Fearing their Lithonia-based small business would lose its contract, the Shealeys gave in and made a $2,500 contribution to Ellis’ campaign a few weeks later.
After handing over the money, National Property Institute’s contract remained in place.
Greg Shealey, the company’s vice president, said he didn’t know what else to do but to pay Ellis.
“I would say I felt like I was giving a contribution to someone who was twisting my arm and stepping on my neck,” he testified.
To obtain a guilty verdict, prosecutors will have to prove that Ellis linked campaign donations to county contracts.

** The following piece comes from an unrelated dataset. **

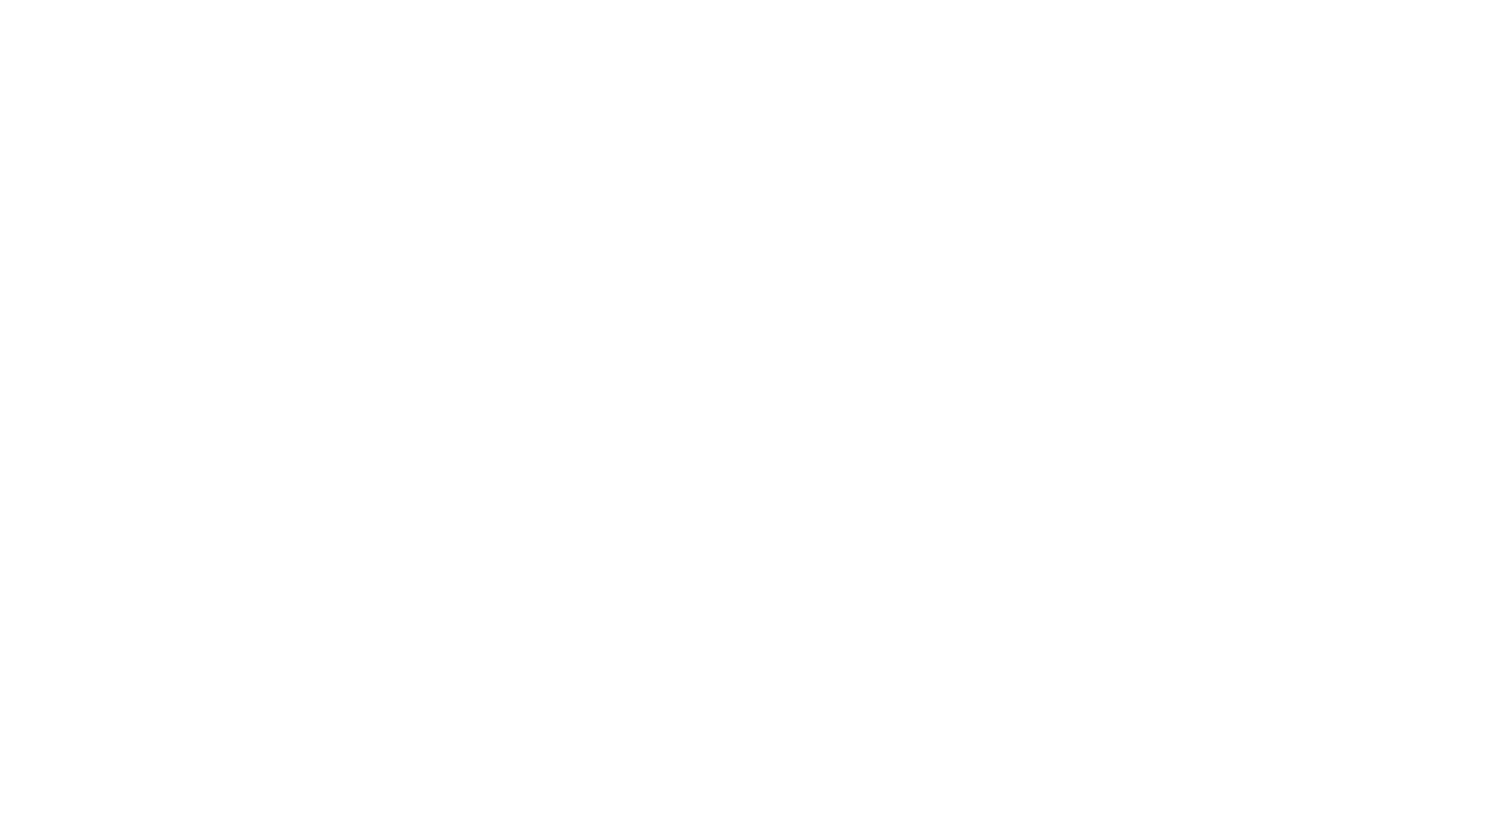 The DGBM Taylor Family Foundation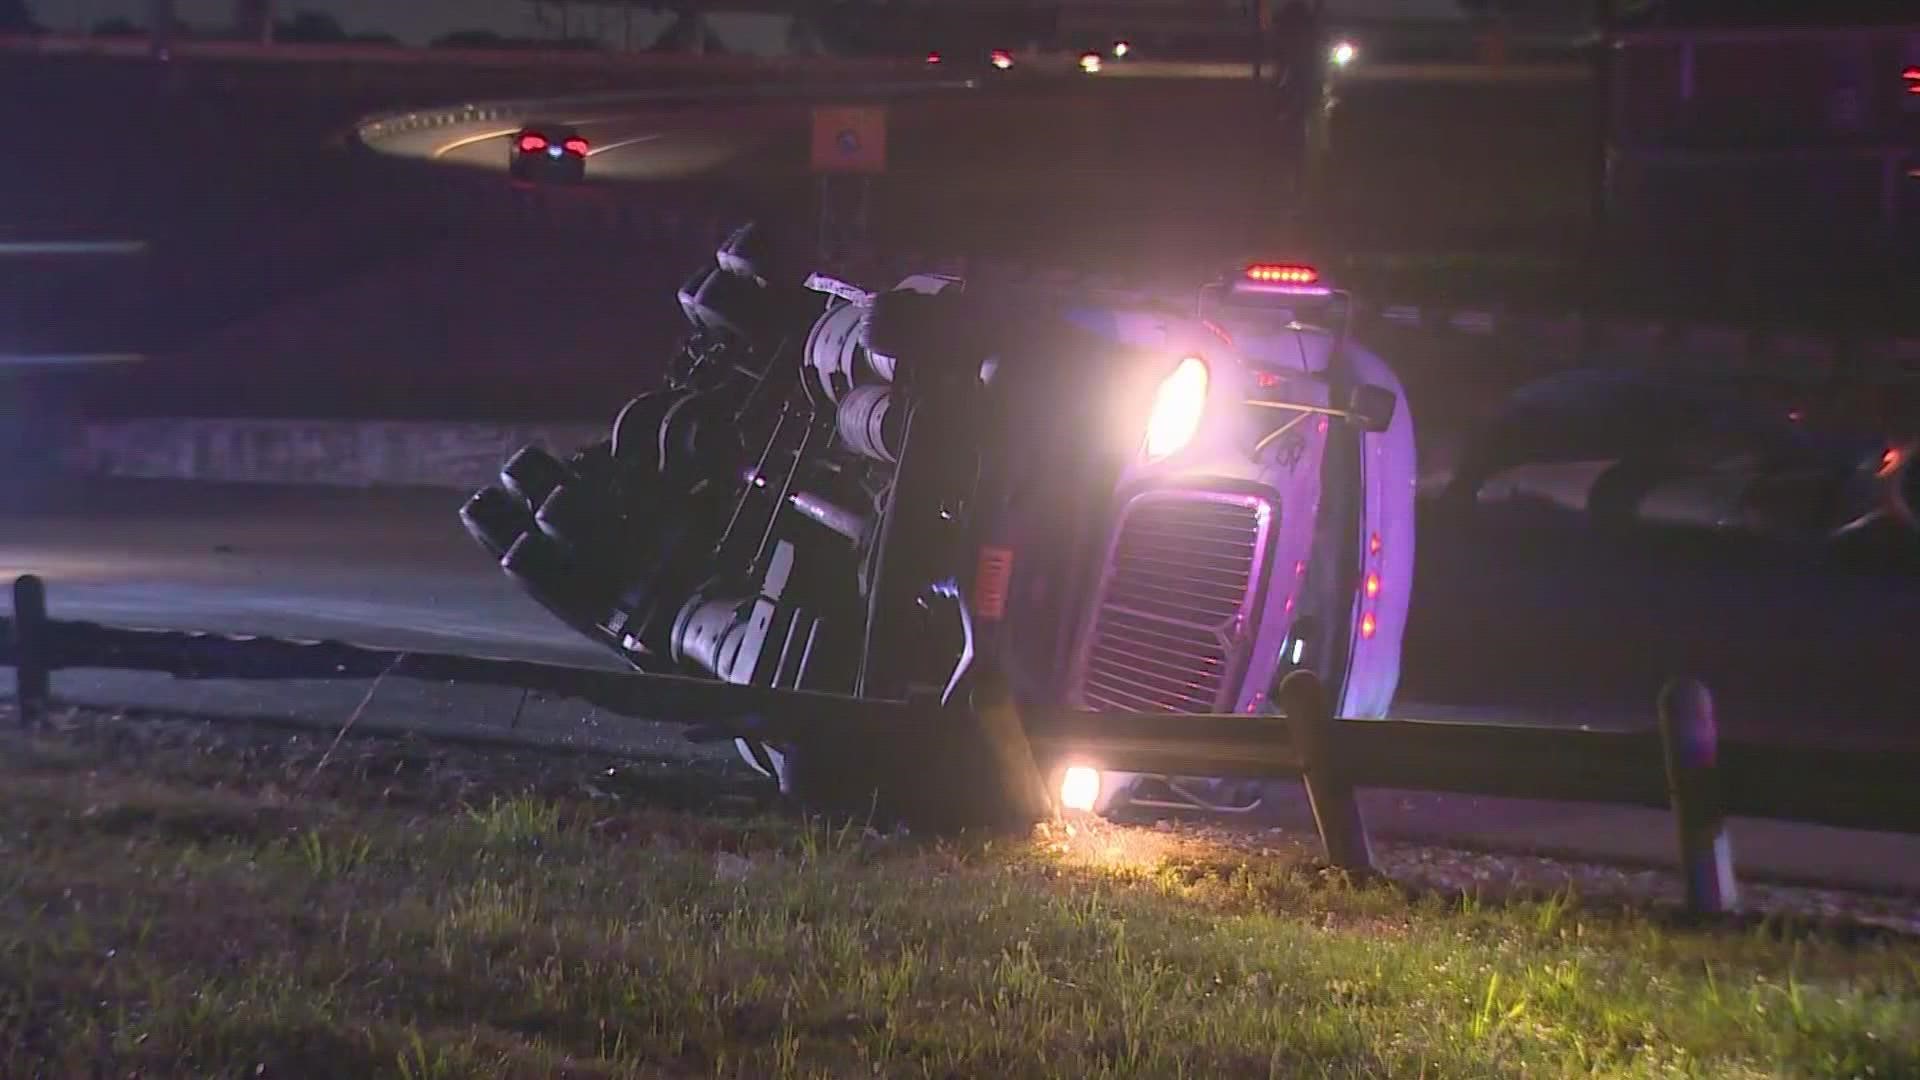 Houston police say the 18-wheeler was carrying 48,000 pounds of sheet metal. Drivers going downtown were diverted off the freeway for hours early Wednesday morning.

Ellis’ lead attorney, Craig Gillen, questioned the Shealeys about whether Ellis was upset about their failure to donate or their unwillingness to take his phone calls.
During one conversation when Ellis was asking for Trina Shealey for a contribution, her call with Ellis was disconnected when she responded to another incoming call to her cellphone. When she tried to call back hours later, Ellis didn’t answer.
“Mr. Ellis made it very clear, did he not, that he had concerns about lack of responsiveness to him from Ms. Shealey?” Gillen asked.
She responded that Ellis’ calls were about campaign contributions, and the meeting in his office was about about how she hadn’t always returned those calls.
Her husband apologized to Ellis and asked how to “make this right,” and Ellis said he’d think about it.
“I was thinking, once you get a contract like this, are you supposed to give campaign contributions, and I’m the only person who doesn’t know this?” Greg Shealey testified.
Prosecutors next plan to use Ellis’ own words against him Friday when they play secret recordings of his conversations with other government employees.
Through the first three days of testimony this week, the trial appears to be moving quickly, with 12 witnesses called so far.
Depending on how many more witnesses the prosecution and defense call, a jury could begin deliberations much sooner than the four-to-six weeks Superior Court Judge Courtney Johnson had estimated for the trial.
If Ellis is found guilty on the most serious charge of bribery, he could be sentenced for up to 20 years in prison. If he’s acquitted, he would return to his elected job of running DeKalb County, managing a $1.2 billion annual budget and representing about 713,000 residents.